140326

SamEst meeting March 26th

Present: Fran, Heiki-Jaan, Heli, Jaak, Sjur, Trond

Agenda

  • Estonian fst
    • Status quo
    • Linguistic issues
    • Compounds
    • Jussive mood
    • Distinguishing homonyms
    • Parallel forms
  • Estonian CG
  • Plan forward
  • Next meeting

Estonian fst

Status quo

Jaak took plamk, split it, and put it into the gtd infra. That was the good part.

The not so good part: Nothing related to derivations are ported from plamk, since they are built in an incompatible way. The same goes for compounds.

Ëven for simple words, the fst is not that good.

For verbs, we have the inverted twol rules that we use. In gtd, this is not possible for the moment.

Some symbols in the lemma should be transformed to ordinary letters.

ex: luGema -> loetud

$ echo "olema" | hfst-proc src/analyser-mt-apertium-desc.und.ohfst 
  ^olema/ole$ma<v><sup><ill>$

nhfst-compose-intersect has an -I / --invert option

perhaps this could be just another filter ?

This WORKS:

$ hfst-compose-intersect -1 analyser-gt-desc.HFST -2 est-phon.HFST -o new.HFST
$ echo olema | hfst-lookup new.HFST 
> olema olema+V+sup+ill 0,000000

Questions: Why are these symbols there?

Jaak's explanation, summing up:

  • simple words other than verbs work
  • We have ideas for how to deal with verbs
    • The simplest way would be to run the twolc rules twice, so that we get upper side taken care of, and we do not need to change things.
Present lexc:
ahK1i 28; ! (28_V -> ) at: ahki, an: ahi                                                                                        

Why not:
ahki:ahK1i 28; ! (28_V -> ) at: ahki, an: ahi                                                                                        

The reason is that during derivation, we build new lemmata, and they are then bu

Linguistic issues

Compounds

Deadline for Filosoft making compound code accessible: May 1st. Generation, analysis, additional marks which mark pronounciation, Grade III, stressed syllable, etc. Since some of them had no users, we did not check them properly, and now they must be debugged.

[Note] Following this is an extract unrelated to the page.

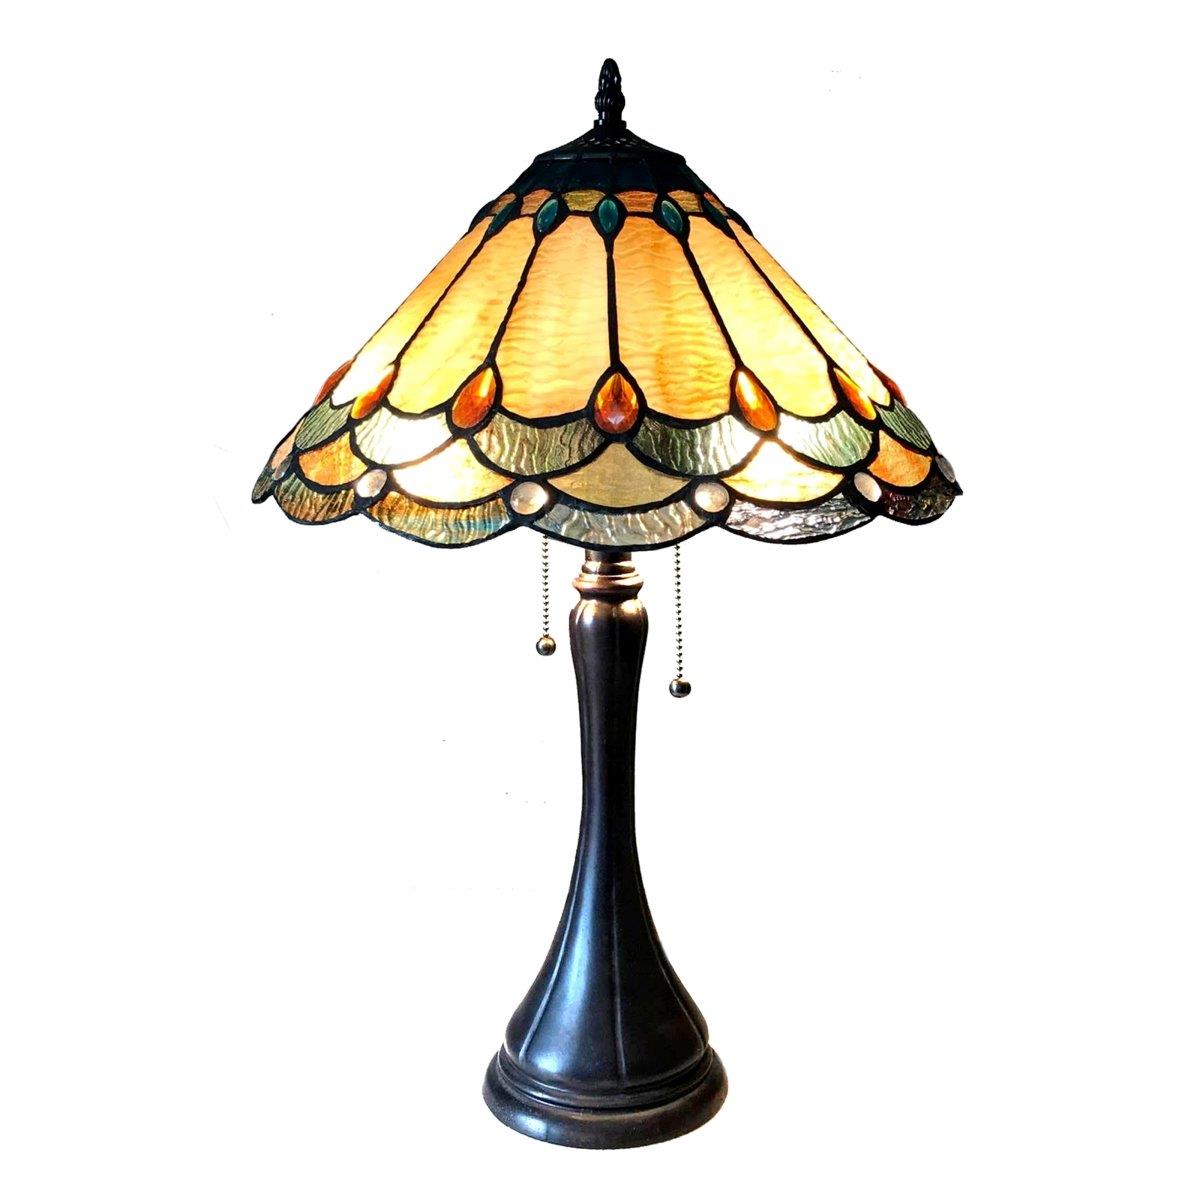 Ch1t141ag15-tl2 Amelia Victorian 2 Light Antique Dark Bronze Table Lamp - 15 In. Shade

We should not wait for May 1st, there are things to do.

We should reinvent the compounding as we see fit for the present framework.

Jussive mood

jussive mood (möönev kõneviis?)? Ülle Viks does not have one, EKKR09 has. Is there one or do we really use 3rd ps imperative instead?

Heiki has looked at it. (http: //kodu.ut.ee/~hkaalep/arvutimorf_12/loeng2.htm) There are some forms of Jussive mood that are in the imperative as well.

The vote out there says +Imp+Pl3, and anyone may change this to +Juss ad lib.

Distinguishing homonyms

The form pairs palk/palgi (log) vs palk/palga (salary). At the moment there is no way to distinguish some words in their lexicon form although the nominative (and thus the lexicon form) is almost the only case of homonymy.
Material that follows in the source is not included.